# Argentina defaults AGAIN!



## Dakine (Sep 4, 2012)

it's going to get a lot worse before it gets any better...










http://www.foxnews.com/world/2014/0...ks-with-creditors-collapse/?intcmp=latestnews



> NEW YORK - The collapse of talks with U.S. creditors sent Argentina into its second debt default in 13 years and raised questions about what comes next for financial markets and the South American nation's staggering economy.
> 
> A midnight Wednesday deadline to reach a deal with holdout bondholders came and went with Argentine Economy Minister Axel Kicillof holding firm to his government's position that it could not accept a deal with U.S. hedge fund creditors it dismisses as "vultures." Kicillof said the funds refused a compromise offer in talks that ended several hours earlier, although he gave no details of that proposal.
> 
> ...


----------



## nightwing (Jul 26, 2014)

hey Argentina has a lot of copper maybe we could do another trade and crash the copper 
index it was running at 3.20 a pound when the old usa was selling it a 32 cents a pound 
the world called us greedy buggars .

I do not think this is the best time to invest in copper may be short it <>


----------



## Dakine (Sep 4, 2012)

a timeline of Argentina's collapse from 1991 - 2003, I'm going to see if I can find anything that maps out what has happened in the last decade too.

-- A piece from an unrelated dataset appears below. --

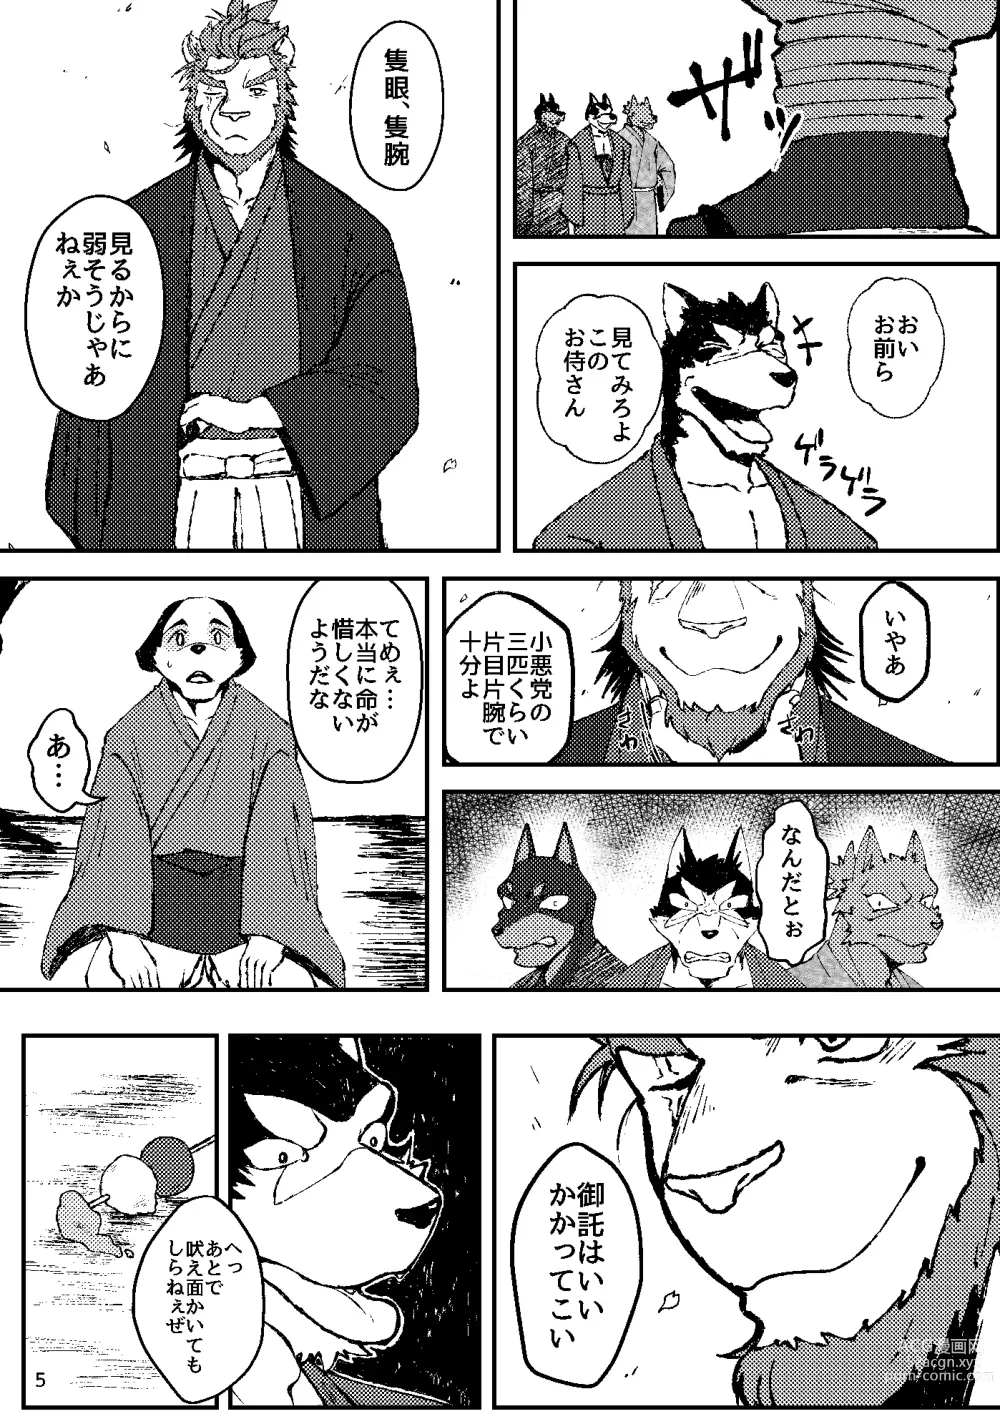 Page 5 of doujinshi KA.TA.NA. Ch. 1-2
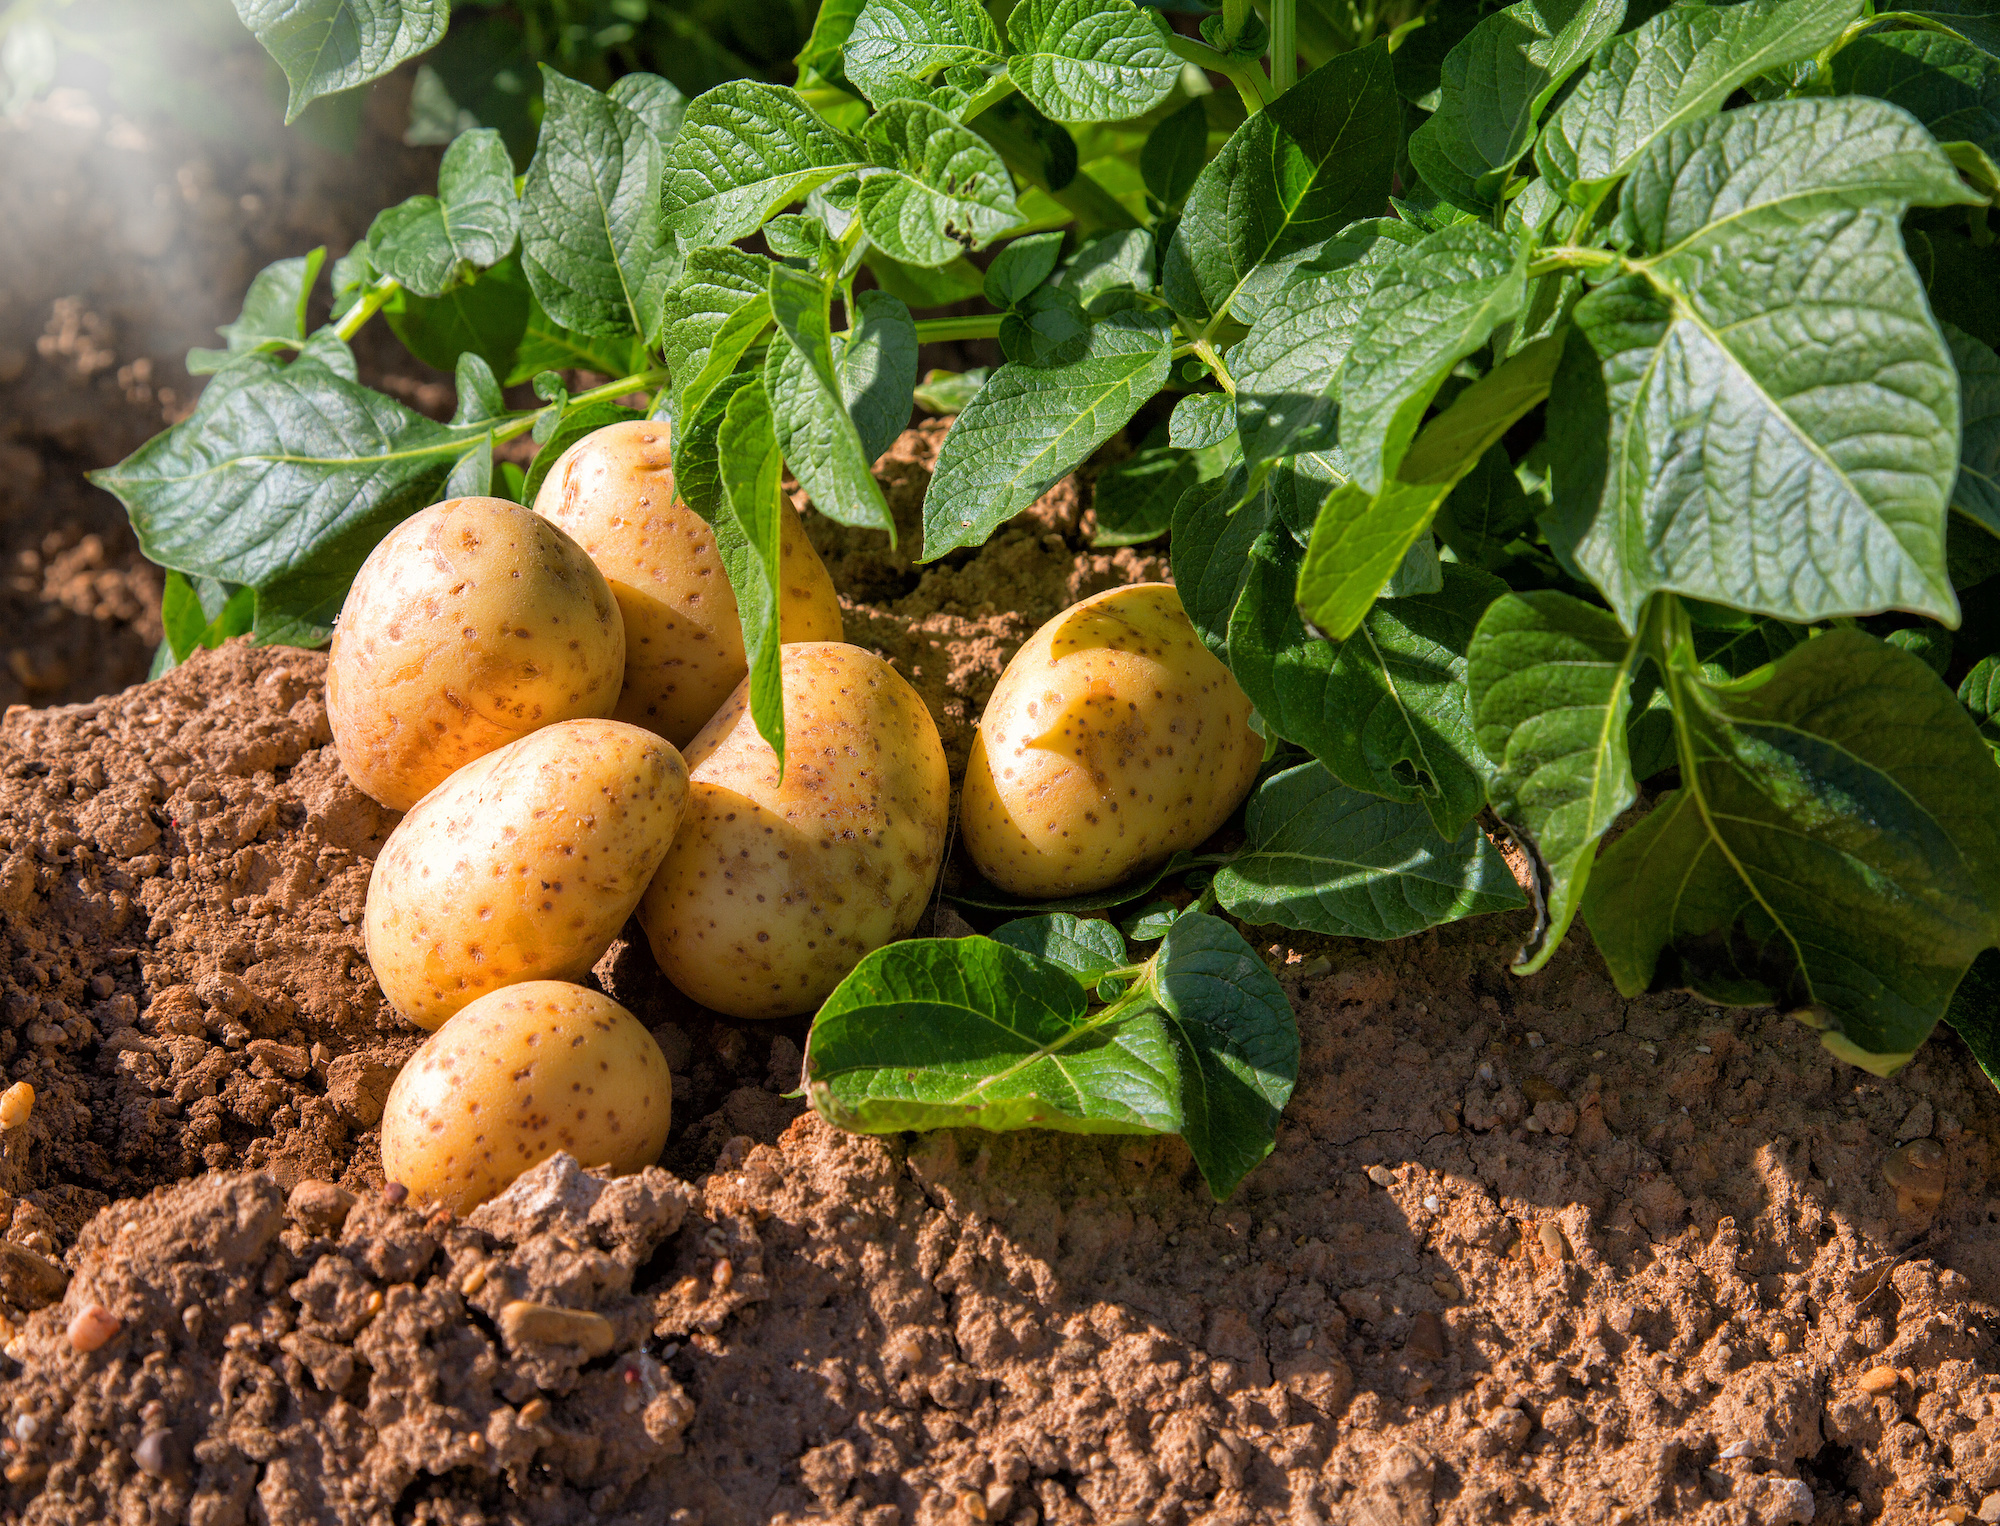 De belles pommes de terre obtenues avec peu de produits phytosanitaires grâce à CRISPR/Cas9. (Photo: Adobe Stock)

http://www.washingtonpost.com/wp-srv/business/articles/argentinatimeline.html



> Argentina's Economy Minister Domingo Cavallo introduces the system of peso convertibility, guaranteeing an exchange rate of one peso for one dollar.
> 
> The dollar peg helped bring inflation under control. In 1989, the country's inflation rate stood at 5,103 percent. It fell from 84 percent in 1991 to 17.5 percent in 1992 and 7.4 percent in 1993.
> 
> ...


----------



## BillS (May 30, 2011)

http://en.wikipedia.org/wiki/Economic_history_of_Argentina

The economic history of Argentina is one of the most studied, owing to the "Argentine paradox", its unique condition as a country which had achieved advanced development in the early 20th century but experienced a reversal, which inspired a wealth of literature and analyses on the causes of this decline.[1]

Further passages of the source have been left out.